Hello and welcome to the Migration Oxford Podcast. I'm Jackie Broadhead, and I'm Rob McNeil. Rob, what are we talking about today? So we're talking about emptiness, which is it's a slightly odd concept for those of us who spend most of our time dealing with people freaking out about how full the UK is. But it's a really fundamental component of migration because when people arrive somewhere, they have to have left somewhere.

The impacts of that, the impacts of people leaving in large numbers, in particular on on communities and places is dramatic. And in particular, we were talking to Vladimir Archduke and Maria JUNCO, who were part of the Emptiness Project, which is run from campus. And they a lot of their work is focussed on the former Soviet Union. And so we're talking to them. But it's definitely not just about the impacts on places in the former Soviet Union.

Yeah, the discussion really reminded me of the conversation that we had about immigration and the way that so many of our debates focus on immigration and so few focus on the kind of politics of immigration and what as places kind of change, what will happen to them and what that will mean.

I thought there was just so many resonances between the way that we think about them and also this idea that it's relational, that actually it's not about full places and empty places, but about the kind of conversation between ideas of fullness and ideas of emptiness, and that both of them actually can have impacts on people in those communities.

That's right. And I think that one of the key things that that's that comes up in this discussion is the idea of an imagined past, an imagined time when things were vibrant and alive and when there was something there rather than a sentence of the now where you know, where there is nothing there, even when as we discovering, you know, through the conversation with people,

even when there are actually scenarios where there's quite a lot of change and sometimes there's actually quite a lot of new arrivals, even in communities that perceive themselves as empty. So it's this idea that the place being empty or there being nothing, there is a very complex idea that emerges from people's idea of how things should be rather than necessarily from from a sort of empirical idea of how things are.

Feels like half of our debate about migration is about the facts and figures and understanding what is happening. And then there's a whole other part which is just about perceptions, about how questions of migration and mobility make people feel, and that this is a really important flipside that we don't hear as much about.

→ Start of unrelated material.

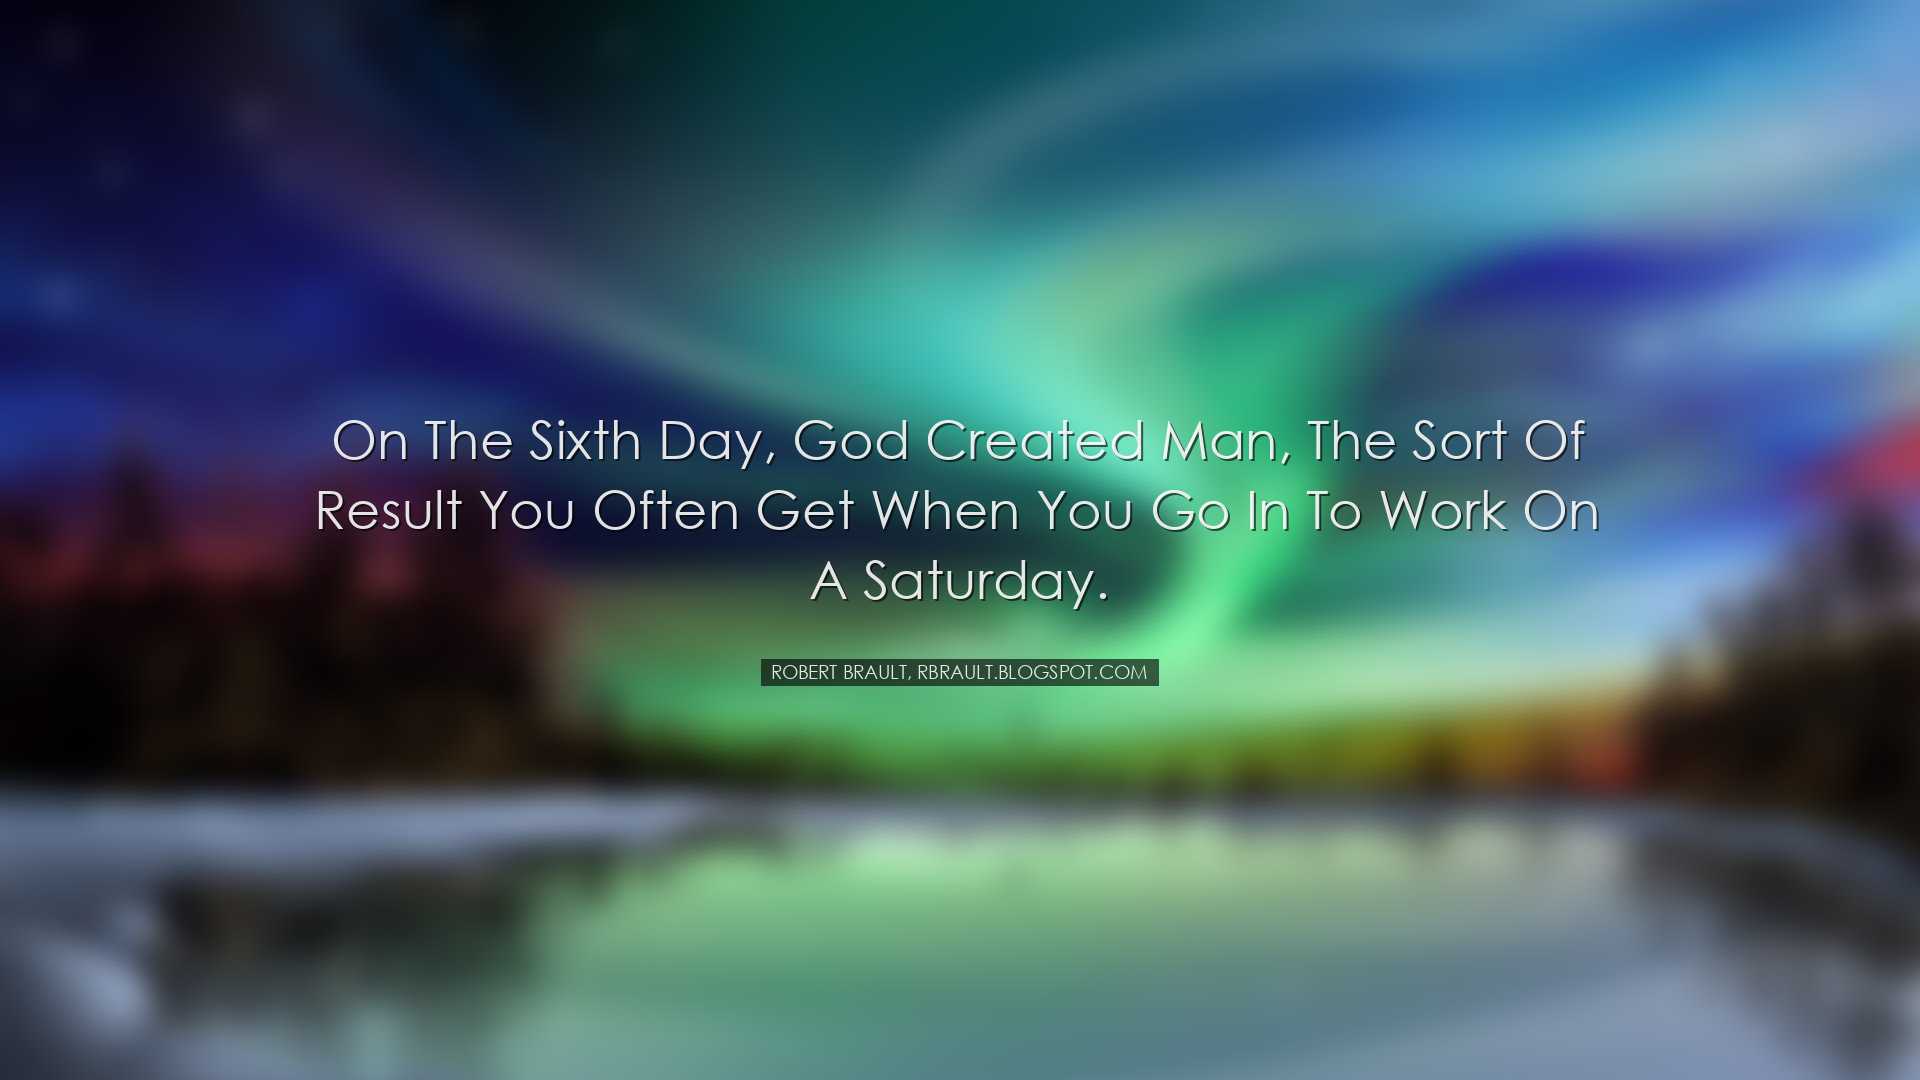 On the Sixth Day, God created man, the sort of result you often ge

I think that's exactly right. And I think that that that feeling, that sense of a place having been abandoned, particularly when that sentence is that it's been abandoned by the state, the people that you're looking at, who you feel should be looking after you.

What that drives people to, I mean, whether the idea that it might drive people to make certain political choices or get involved in conspiracy theories about why they've been left behind resonates, I think, really strongly with, you know, a potent post-industrial parts of Britain, the US, parts of Europe.

It's it's a really complex and interesting idea, and it's fascinating to speak to these guys about the very extreme versions of it that are that are evident in these parts of the former Soviet Union. I completely agree. So let's get to that conversation.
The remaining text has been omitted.